Our Contribution. In this paper we consider an industrial IoT network comprised of sensor and actuator nodes. Data consumers (actuators) and producers (sensors) are known. A number of intermediate resource-rich nodes act as proxies. We assume that applications require a certain upper bound on the data delivery delay from proxies to consumers, and that, at some point in time, a central controller computes an optimal set of multi-hop paths from producers to proxies, and from proxies to consumers, which guarantee a maximum delivery delay, while maximising the energy lifetime of the network (i.e., the time until the first node in the network exhaust energy resources). We focus on maintaining the network configuration in a way such that application requirements are met after important network operational parameters change due to some unplanned events (e.g., heavy interference, excessive energy consumption), while guaranteeing an appropriate utilisation of energy resources. We provide several efficient algorithmic functions which locally reconfigure the paths of the data distribution process, when a communication link or a network node fails. The functions regulate how the local path reconfiguration should be implemented and how a node can join a new path or modify an already existing path, ensuring that there will be no loops. The proposed method can be implemented on top of existing data forwarding schemes designed for industrial IoT networks. We demonstrate through simulations the performance gains of our method in terms of energy consumption and data delivery success rate.

2 Related Works

There are numerous relevant previous works in the literature, but due to lack of space, we provide some information about the most representative and most related ones to this paper, which are [2, 3, 5, 6, 8, 11]. Although some of those works use proxy nodes for the efficient distributed management of network data, they all perform path selection computations centrally. Placement and selection strategies of caching proxies in industrial IoT networks have been investigated in [2]. Efficient proxy-consumer assignments are presented in [5]. Data re-allocation methods among proxies for better traffic balancing are presented in [11]. Scheduling of the data distribution process maximising the time until the first network node dies is suggested in [6], respecting end-to-end data access latency constraints of the order of 100 ms, as imposed by the industrial operators [1]. Delay aspects in a realistic industrial IoT network model (based on WirelessHART), and bounding of the worst case delay in the network are considered in [8]. Reliable routing, improved communication latency and stable real-time communication, at the cost of modest overhead in device configuration, are demonstrated in [3]. Different to those works, in this paper, we present a method which exploits the local knowledge of the network nodes so as to perform distributed, local path reconfiguration computations towards more efficient energy dissipation across the network.

3 The Model

We model an industrial IoT network as a graph \(G=(V,E)\). Typically, the network features three types of devices [13]: resource constrained sensor and actuator nodes \(u \in V\), a central network controller C, and a set of proxy nodes in a set P, with \(P \subset V\), \(|P| \ll |V-P|\). Every node \(u \in V\), at time t, has an available amount of finite energy \(E^t_u\). In general, normal nodes u have limited amounts of initial energy supplies \(E^0_u\), and proxy nodes have significantly higher amounts of initial energy supplies \(E^0_p\), with \(E^0_p \gg E^0_u, \forall u \in V, p \in P\).

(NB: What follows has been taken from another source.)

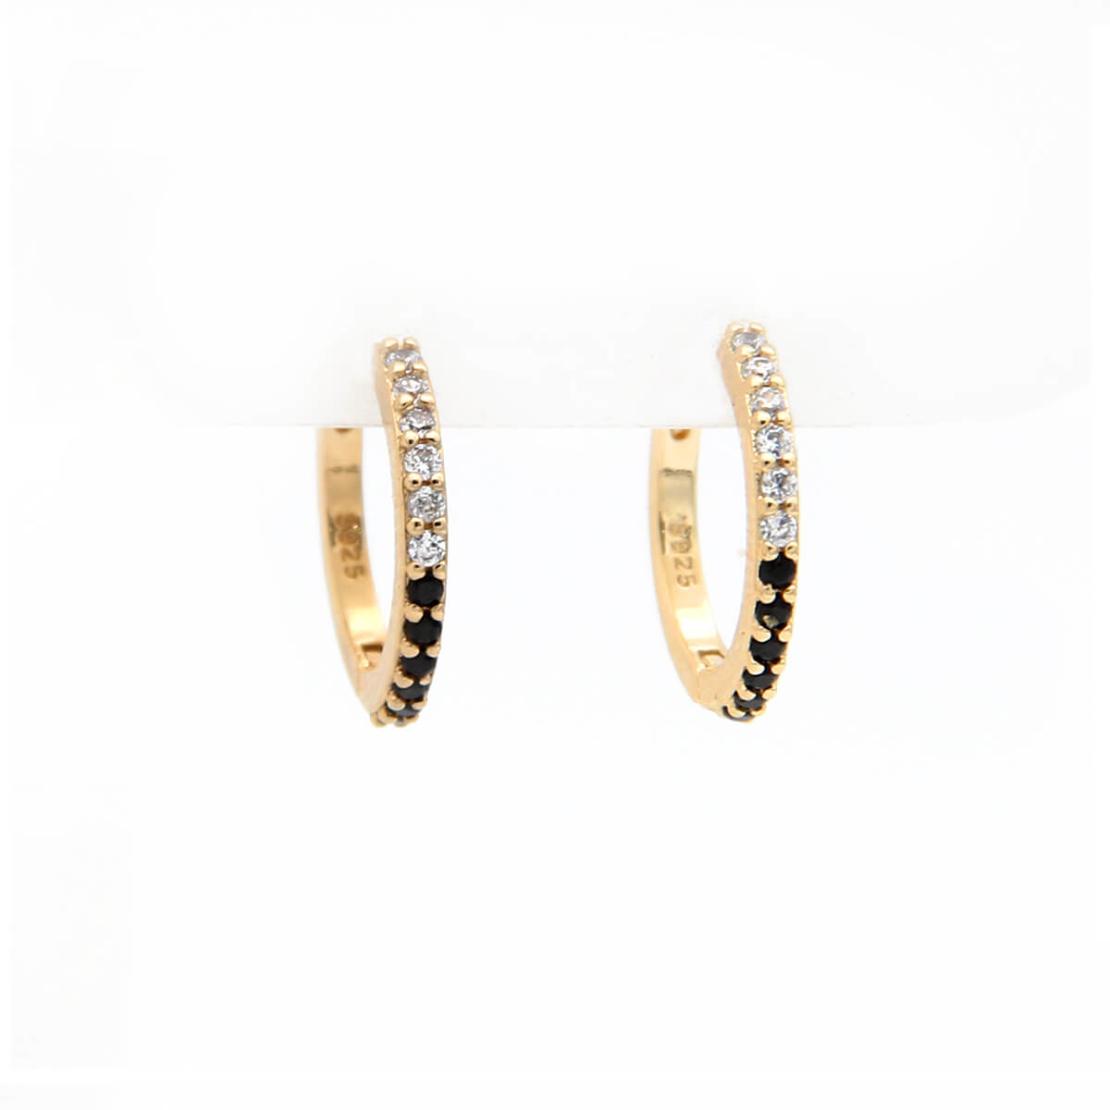 סט עגילים - SUN - כסף 925 בציפוי זהב מיקרוני

A node \(u \in V\) can achieve one-hop data propagation using suitable industrial wireless technologies (e.g., IEEE 802.15.4e) to a set of nodes which lie in its neighbourhood \(N_u\). \(N_u\) contains the nodes \(v \in V\) for which it holds that \(\rho _u \ge \delta (u,v)\), where \(\rho _u\) is the transmission range of node u (defined by the output power of the antenna) and \(\delta (u,v)\) is the Euclidean distance between u and v. The sets \(N_u\) are thus defining the set of edges E of the graph G. Each one-hop data propagation from u to v results in a latency \(l_{uv}\). Assuming that all network nodes operate with the same output power, each one-hop data propagation from u to v requires and amount of \(\epsilon _{uv}\) of energy dissipated by u so as to transmit one data piece to v. A node can also transmit control messages to the network controller C by consuming \(\epsilon _{cc}\) amount of energy. For this kind of transmissions, we assume that more expensive wireless technology is needed, and thus we have that \(\epsilon _{cc} \gg \epsilon _{uv}\) (for example, the former can occur over WiFi or LTE links, while the latter over 802.15.4 links).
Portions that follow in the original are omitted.